Berlinale mit Trattoria

Ihr während des Studiums entstandener Film „Trattoria“ feierte 2012 auf der Berlinale Premiere. In der Sektion Perspektive Deutsches Kino.
Der KFF-Eröffnungsfilm ist zugleich Debüt und Abschlussfilm für das Diplom im deutschen Südwesten. Gedreht wurde er vor zwei Jahren, im Frühling 2015, in ihrer Heimatstadt und Umgebung.

„Haus ohne Dach“ legt für mein Empfinden eine positive Grundeinstellung und einen positiven Ausblick an den Tag.
Die Summe aus Gastfreundschaft und Menschlichkeit, Versöhnung nach Familienquerelen und Humor trotz pfeifender Kugeln und Gitterstäbe.

An der Wildheit Kurdistans besteht kein Zweifel, doch wünscht sich nicht jedes Kind Abenteuer?

Schöner hätte man das 7. Kurdische Filmfestival wohl nicht eröffnen können. In einem vollen Haus – der Saal 1 des Babylons fasst etwa 500 Zuschauer – bei Festivalatmospäre und Filmgesprächen ist man auf weiteres gespannt.

Was umspannt das spannende Programm?

Das Programm bis einschließlich Mittwoch findet man unter www.kurdisches-filmfestival.de .

Karl May schrieb unter Pseudonym Schundromane. Neun Pseudonyme sind erwähnt worden.
Seinen bürgerlichen Namen – KARL MAY – benutzte er für die weltbekannten Romane, die in viele Sprachen übersetzt wurden. Die Kirche empfiehlt den Autor für jede Hausbibliothek als „christliches Vorbild“, da in einer Internetlosen Zeit niemand daran zweifelt, dass es sich bei den Texten um echte Erlebnisberichte handelt.
Spät, ähnlich wie in Yusifs Film „Haus ohne Dach“ (‚House without a Roof‘), kommt die Wahrheit ans Licht. K.M., der, seitdem er 32 ist, auf dem Pfad der Tugend wandelte, wird nach einem Prozess, der das Erdachte der farbenfrohen Geschichten brandmarkt, hart bestraft.

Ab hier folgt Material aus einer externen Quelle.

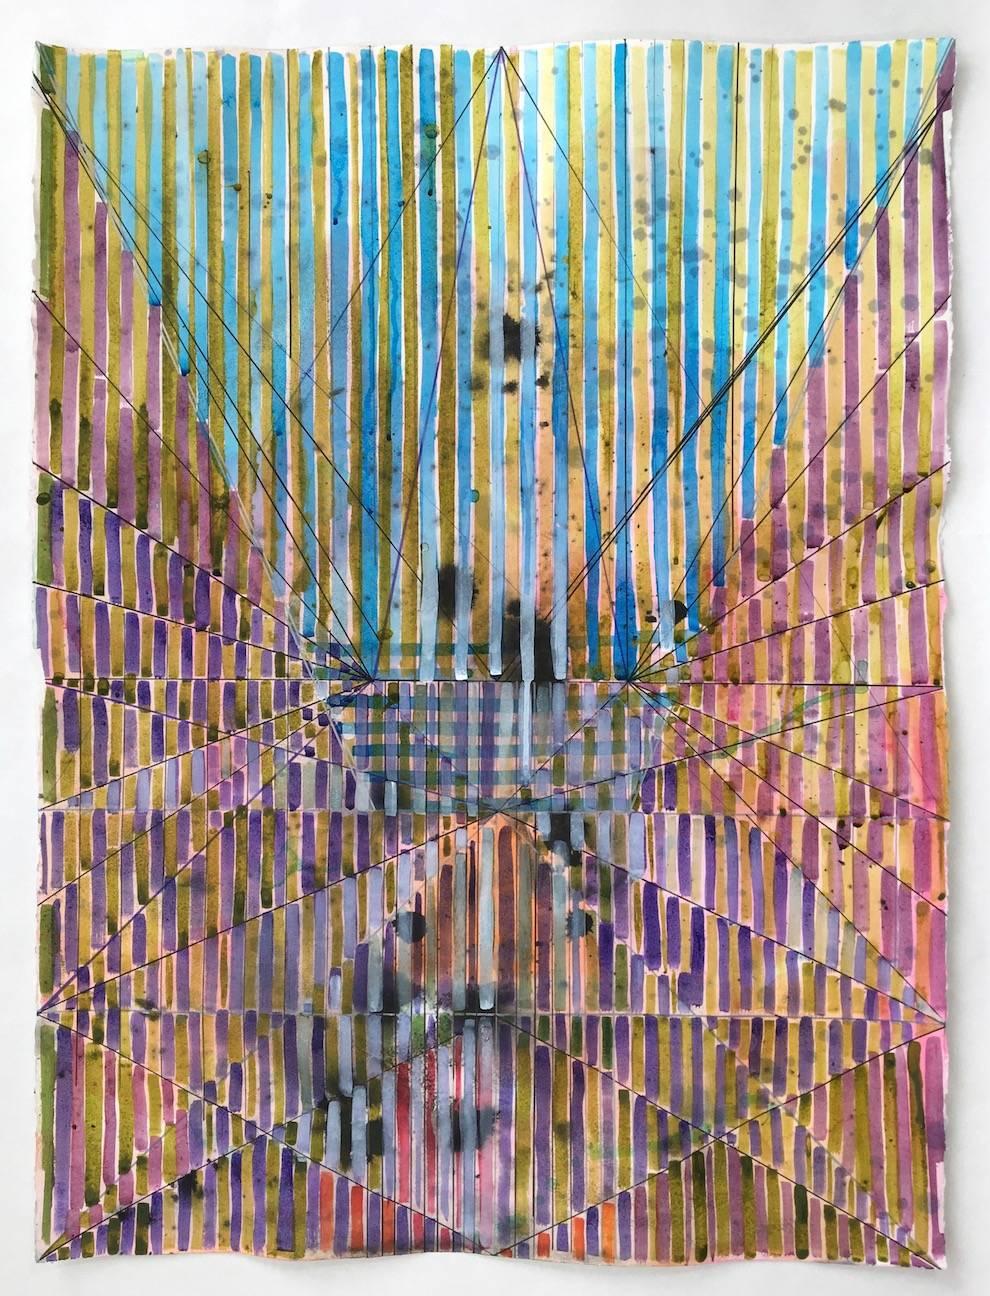 Joe Lloyd, Blue and Purple Grid, 2017, acrylic on paper, 30 x 22 inches is a colorful geometric abstract work on paper with highlights of rose, violet and turquoise. The hard edges of the geometric framework are complimented by the translucent

Durchs wilde Kurdistan mit dem Auto

„Durchs wilde Kurdistan“ wurde dennoch jahrzehntelang bis heute weltweit gern gelesen; egal, ob es das Land nun gab oder nicht. Egal, ob KM dort war – oder nicht.

Minus mal minus ergibt plus

In der Mathematik führt die doppelte Negierung ins Positive.

-1 . -1 = 1

Kurdistan gibt es nicht und Karl May war auch nicht dort – an jenem Ort

Bedeutet „minus mal minus ist gleich plus“ in der Literatur, dass die Tatsache, dass Karl May 1. nicht in Kurdistan war und es 2. Kurdistan nicht gibt, dass es vielleicht in der Realität das Land doch gibt?

In welchem Land spielt „Haus ohne Dach“?